We can look at the results in a nice map if you do have geopandas installed and pass it a geopandas data frame and the key to match it on:

pmed12.map_plot(carr_report, 'PDGrid')

This map shows the new areas and different colors with a thick border, and the source area as a dot with a white outline. So here you can see that we end up having one disconnected area – a subtour in optimization parlance. I have added some methods to deal with this though:

stres = pmed12.collect_subtours()

And you can see that for one of our areas it identified a subtour. I haven’t written this to automatically resolve for subtours due to the potential length of the solving time. So here we can see the subtours have 0 calls in them. You can assign those areas to wherever and it does not change the objective function. So that is what I did in the paper and showed how in the Jupyter notebook at the main page for the github project.

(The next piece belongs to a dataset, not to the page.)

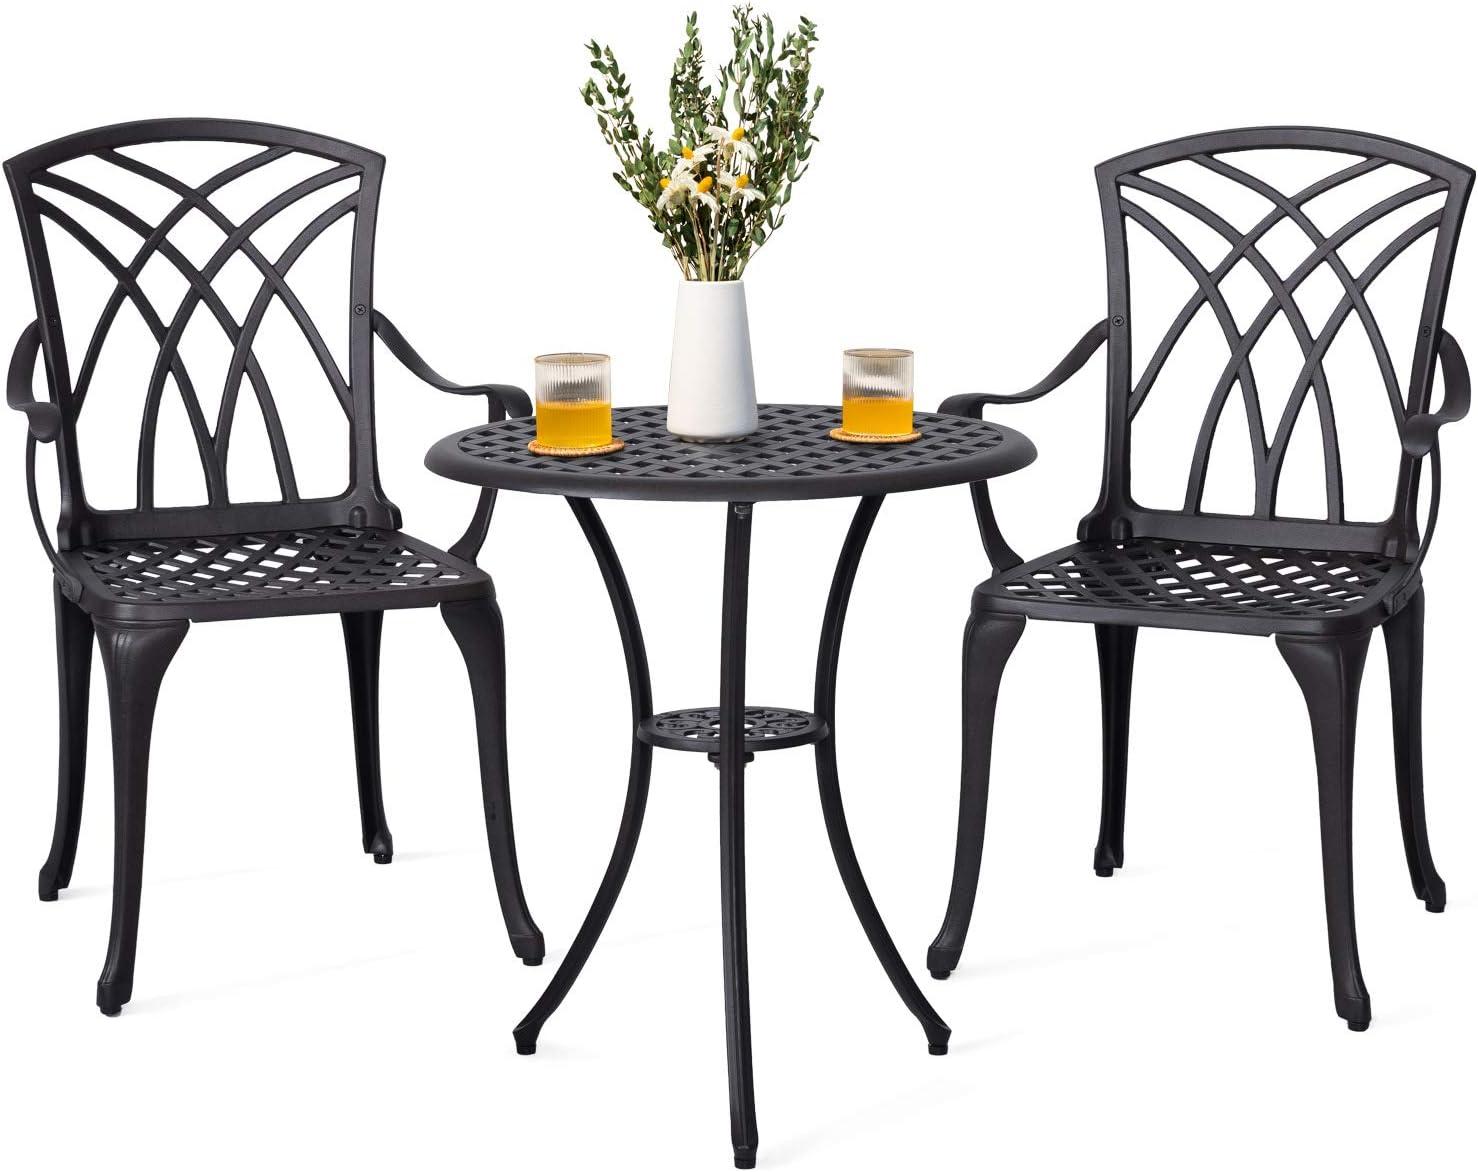 Nuu Garden 5 Piece Outdoor Bistro Set, Bistro Table Set with Umbrella Hole  for Patio – Cast Aluminum, Antique Bronze

So if you are using a function that takes 5 hours, I would suggest you manually fix these subtours if there is an obvious to the human eye easy solution. But here with the shorter solve time with CPLEX I can rerun the algorithm with a warm start, and it runs even faster (under 5 minutes). The .collect_subtours() method adds subtour constraints into the pulp model, so you just need to redo the solve() method to eliminate that particular subtour (I do not know if this is guaranteed to converge though for all problems).

So here in this data eliminating that one subtour results in a solution with no subtours:

pmed12.solve(solver=pulp.CPLEX_CMD(msg=False,warmStart=True))
stres = pmed12.collect_subtours()

And we can replot the result, which shows it chooses the areas that you would have assigned by eye anyway:

pmed12.map_plot(carr_report, 'PDGrid')

So again for this problem if you have CPLEX I would recommend it (have not tried Gurobi). But at least for this particular dataset SCIOPT was able to solve the problem in 5 hours. So if you are a crime analyst or someone else without academic access to CPLEX you can install the sciopt solver and give that a go for your actual data.

Note that this is based off of results for 325 subareas. So if you have more subareas it will take a longer (and if you have fewer it may be quite a bit shorter).

Setting up the Conda environment

So once you have python installed, you can typically do something like:

pip install pulp

Or via conda:

conda install pyscipopt

I often have trouble though, especially when working with the python geospatial libraries, to install geopandas, fiona, etc. So here what I do is create a new conda environment:

conda create -n linprog
conda activate linprog
conda install -c conda-forge python=3 pip pandas numpy networkx scikit-learn dbfread geopandas glpk pyscipopt pulp

And then you can run the pmedian code above in this environment. I suppose I should turn this into a python package, and I see a bunch of folks anymore are doing docker images as well with their packages in complicated environments. This is actually not that bad, minus geopandas makes things a bit tricky.